Problem to solve:
Quote the whole listing exactly. Leave the pictures out of your copy.

Input data:
-=-=-=-=-

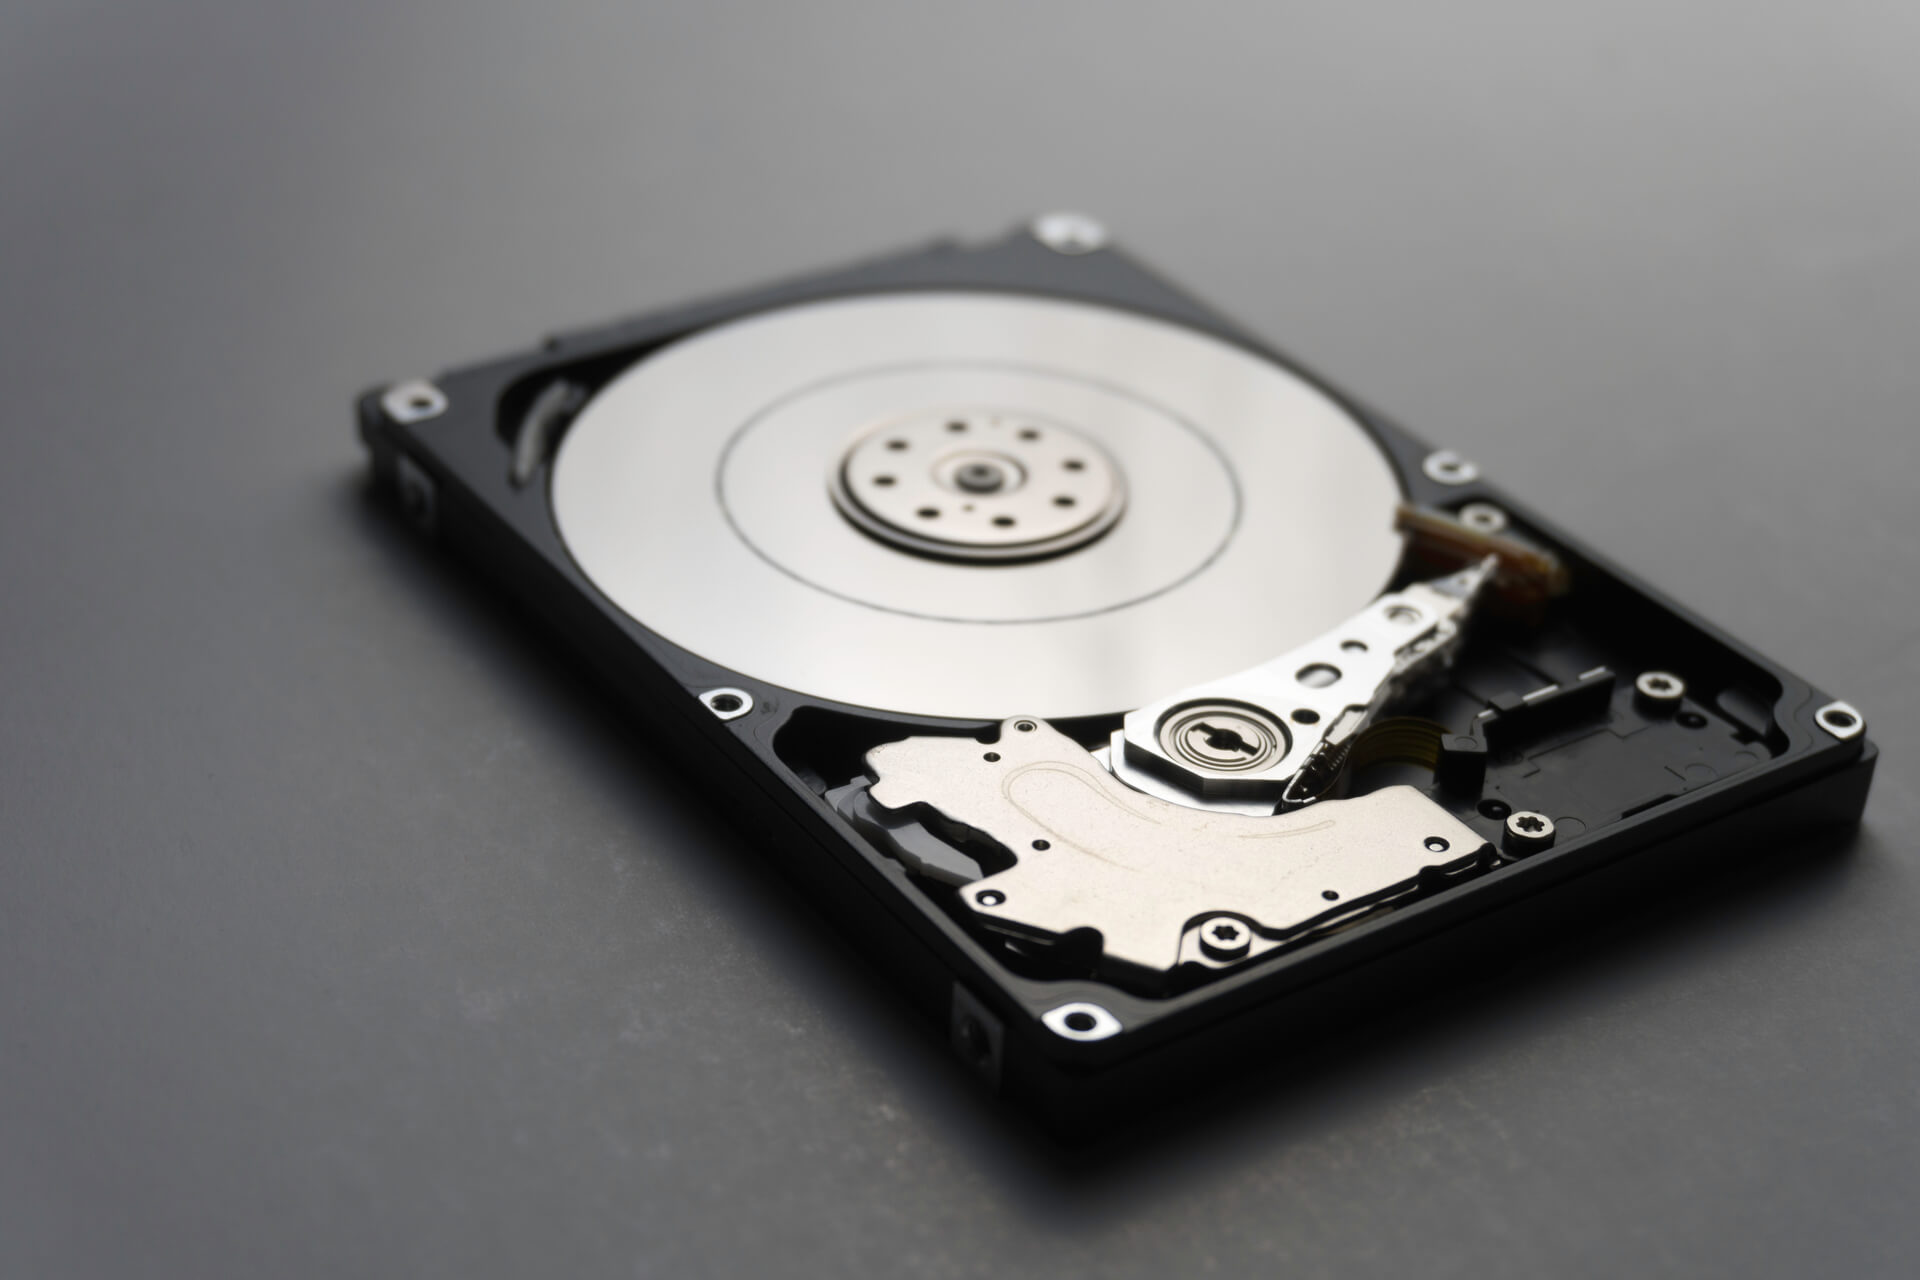 Hard Drive Destruction By Commerical Asset Disposition Company in Dallas
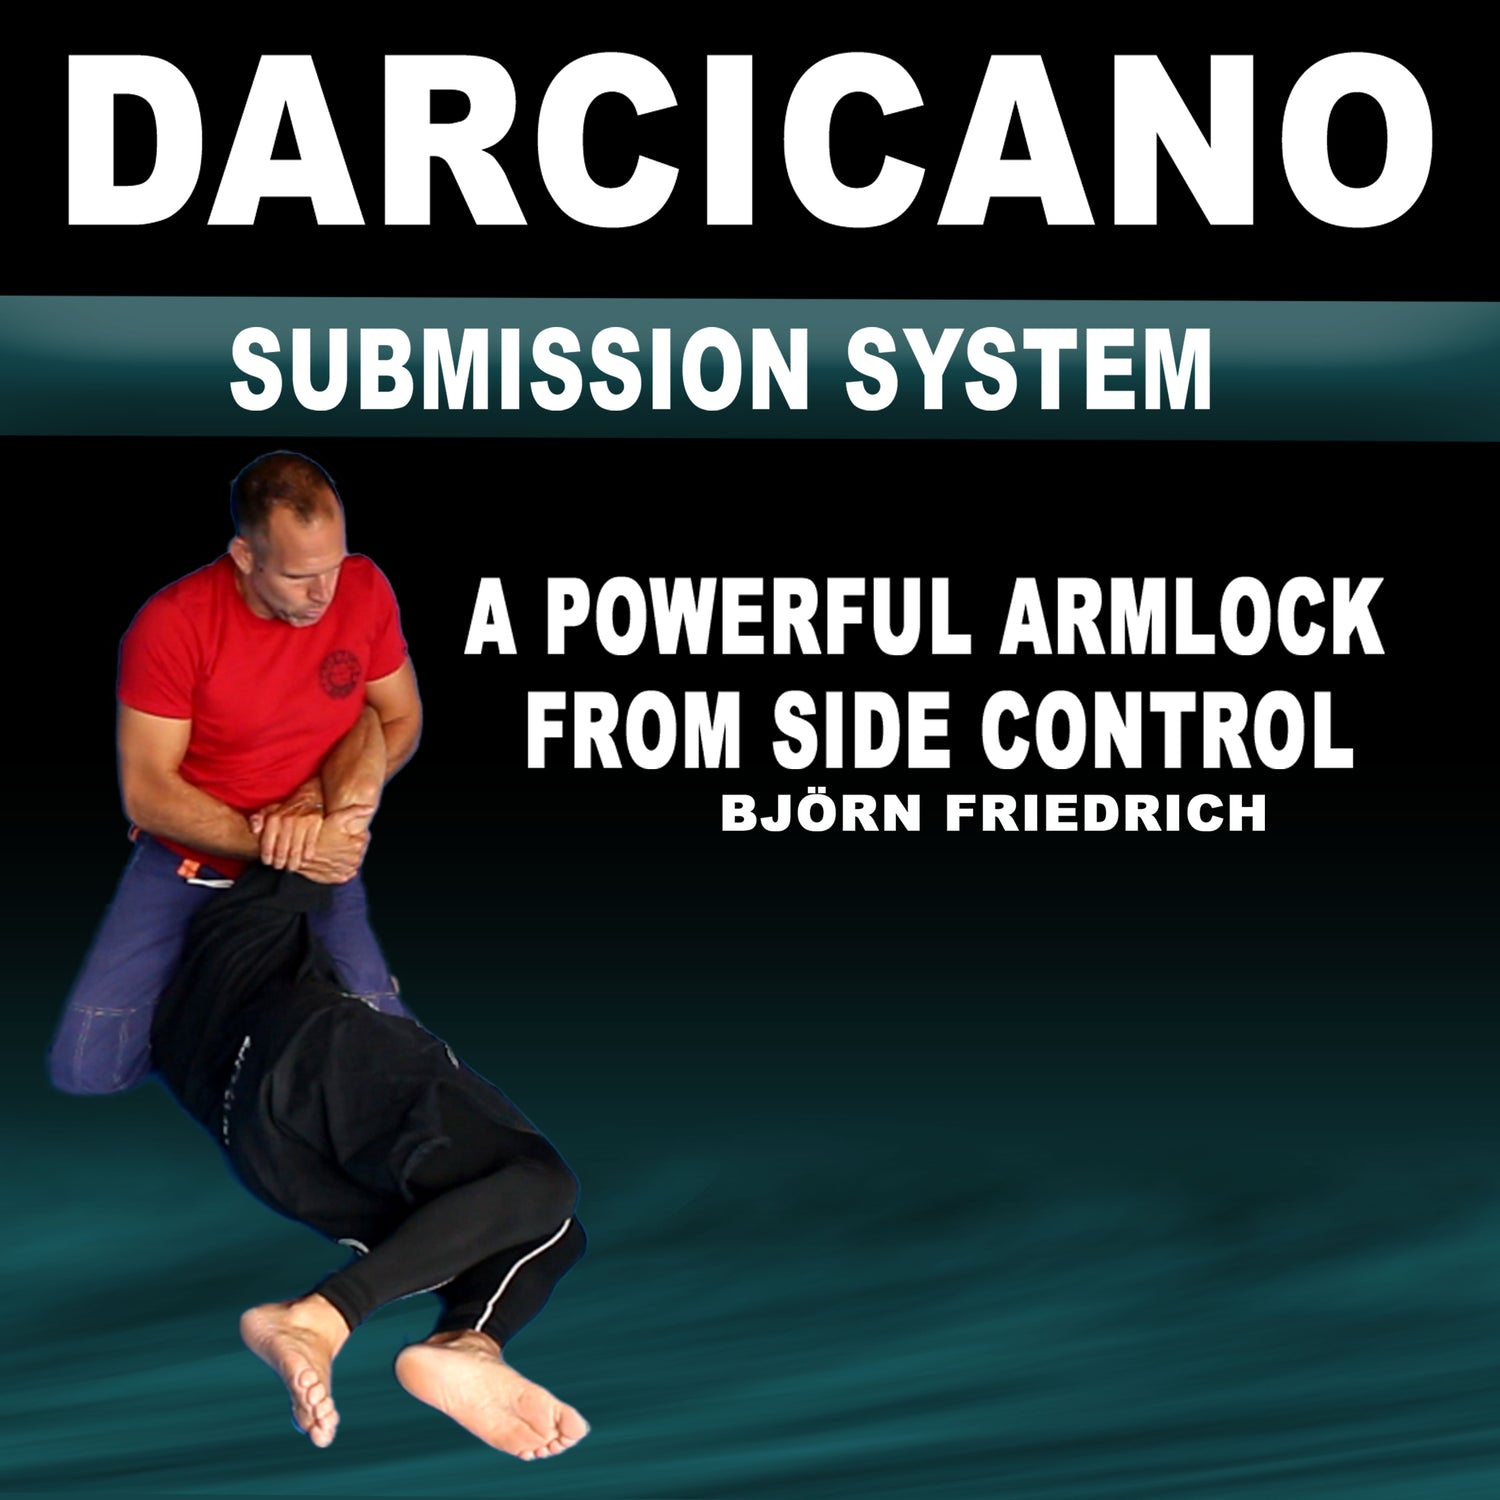 Darcicano Submission System by Bjorn Friedrich (On Demand)
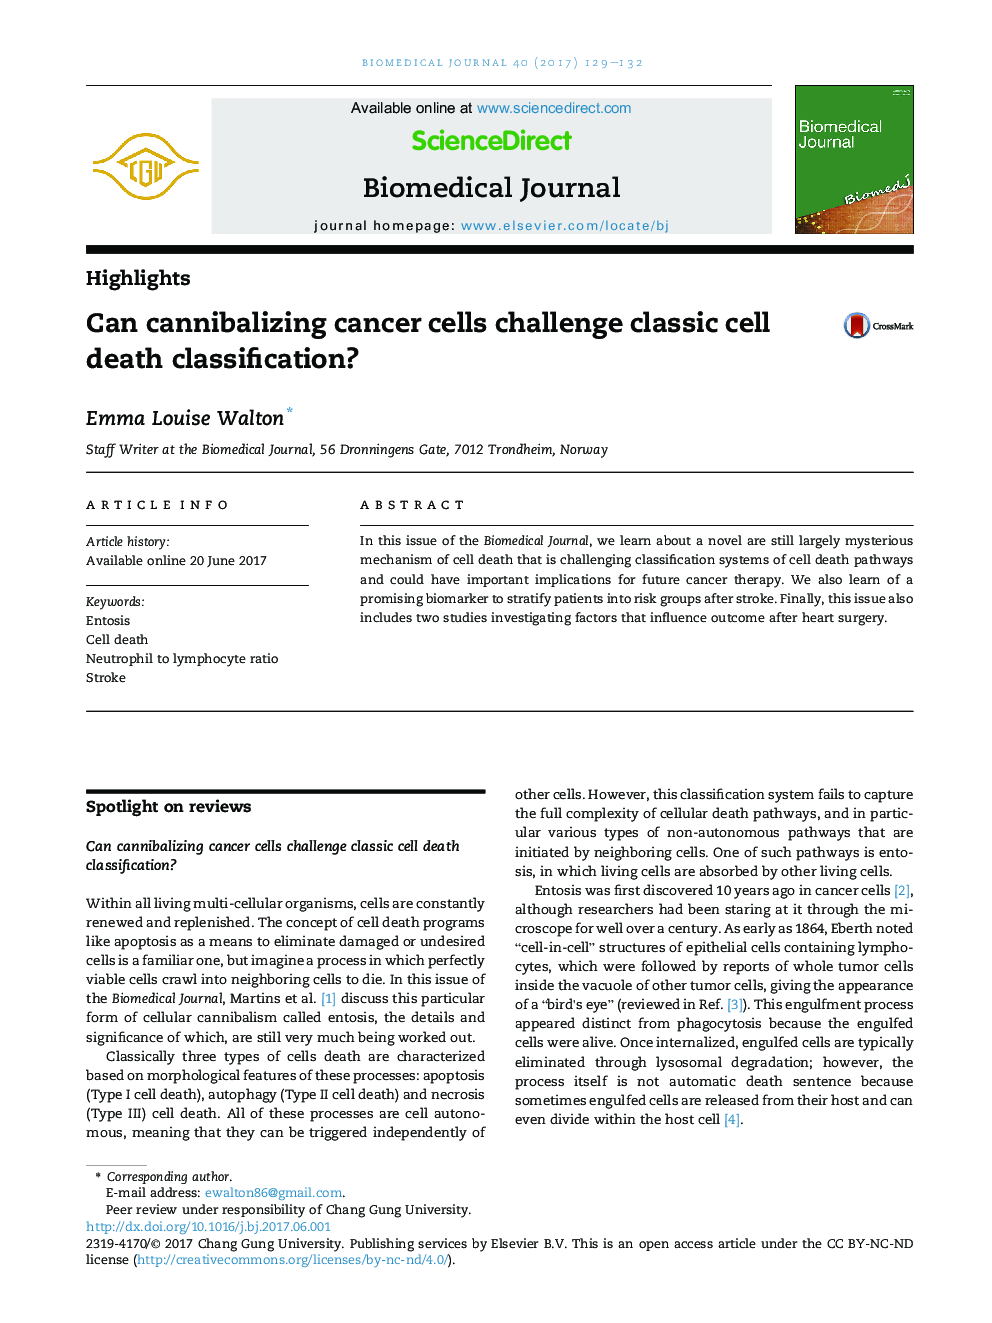 Can cannibalizing cancer cells challenge classic cell death classification?

-=-=-=-=-

Answer section:
 Hard Drive Destruction By Commerical Asset Disposition Company in Dallas
 Darcicano Submission System by Bjorn Friedrich (On Demand)
 Can cannibalizing cancer cells challenge classic cell death classification?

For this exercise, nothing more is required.